Бекренев поковырял пальцем в полу-оглохшем ухе.
— Вот и слушай, Кирдяшкин. Скажи-ка, а село Барашево у вас в районе есть?
— Конечно есть! Но только это не село.
— Деревня, что ли?
— Да вы что! Косса! Это большой поселок! Куда там до него нашему райцентру! Дома там двухэтажные, водопровод, отопление паровое. Там у них и механический завод есть, и железная дорога...
— Ишь ты, дорога железная... А школа там есть?
— Там даже три школы. — солидно отвечал местный кадр.— Восьмилетняя основная, полная средняя школа— интернат и сменная вечерняя.
— Богато живут барашевцы. Давно вы их проверяли?
— Кого?— недоуменно спросили в трубке.
— Ну, школы в поселке? Сможете выслать нам материалы последних проверок?
В трубке повисло тягостное молчание.
— Мы их не проверяем...,— донесся наконец неуверенный ответ.
— Почему? — удивился Бекренев.
— Они ведь не наши...
— А чьи они? НКПС? УПТР при Месттеркоме? Водников?
В трубке вместо ответа раздались испуганные короткие гудки...

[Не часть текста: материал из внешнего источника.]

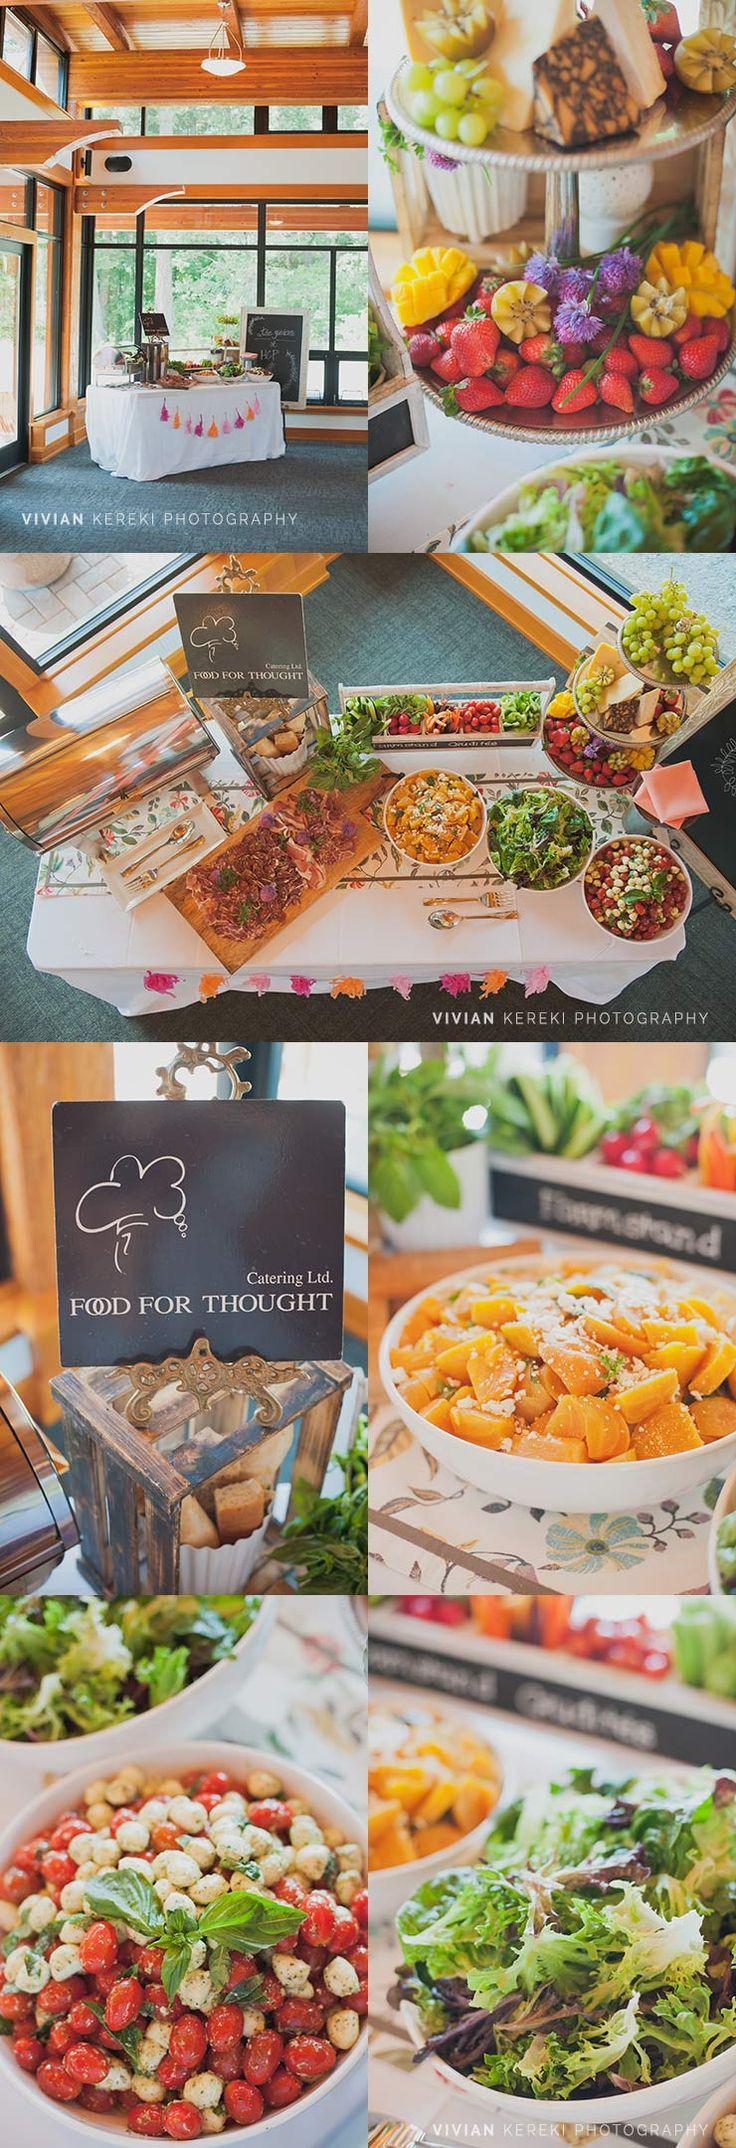 HCP wedding catering crudités

Внимательная пергидролевая секретарша уже протягивала Бекреневу карманного формата красную толстенькую книжицу без названия, зато со штампом "ДСП" и номером экземпляра. На сорок шестой странице значилось:
" Пгт. Барашево (морд. Бораж веле). Рабочий поселок в зоне особого административного управления Темниковского лагеря ГУЛЛП ГУЛАГ НКВД. Восемь тысяч временн. рабочих. Производство твердого топлива для треста "Мосгортоп", лесоматериалов, реммотмехзавод, пилорамы. Основан в 1929 году. Конечная станция ширококолейной железной дороги Потьма-Барашево (на схеме железных дорог Союза ССР не обознч. Рег. пасс. движение отсутс.)."
Лесной тупик, короче говоря...
3.
Продолжая тягостно вздыхать, о. Савва печально смотрел на темнеющие окна... Вот и устроился на работу. Как говориться, чтобы добывать хлеб насущный в поте чела своего... Ничего, батька, скоро на лесоповале вспотеешь, небось...
Ничего в этой жизни не боялся о. Савва, ни самой смерти, ни тем более узилища. Ибо на всё есть воля Божья! Вот только как будет без него матушка Ненила? Одна, с шестью детьми, мал-мала меньше? Ох, Господи, спаси и пронеси...
Не пронес.
В комнату, без стука отворив дверь, вошли двое. Один в сером пыльнике, второй в классической кожаной куртке.
"Быстро они!" — без гнева и печали подумал о. Савва, и решительно встал им на встречу:
— Вот он я, граждане!
Вошедшие чекисты недоуменно переглянулись, пожали плечами и подошли к о. Савве с обоих боков.
— Гражданин Розенбаум? Пройдемте...
— Нет, не Розенбаум я, а простой советский гражданин!— возразил о. Савва. — Но мирской власти безусловно повинуюсь, и готов смиренно нести наказание... Детей только не трожте (так в тексте) и жену, она здесь не причем...
— А вы, значит, причем? — заинтересованно спросил чекист в кожанке.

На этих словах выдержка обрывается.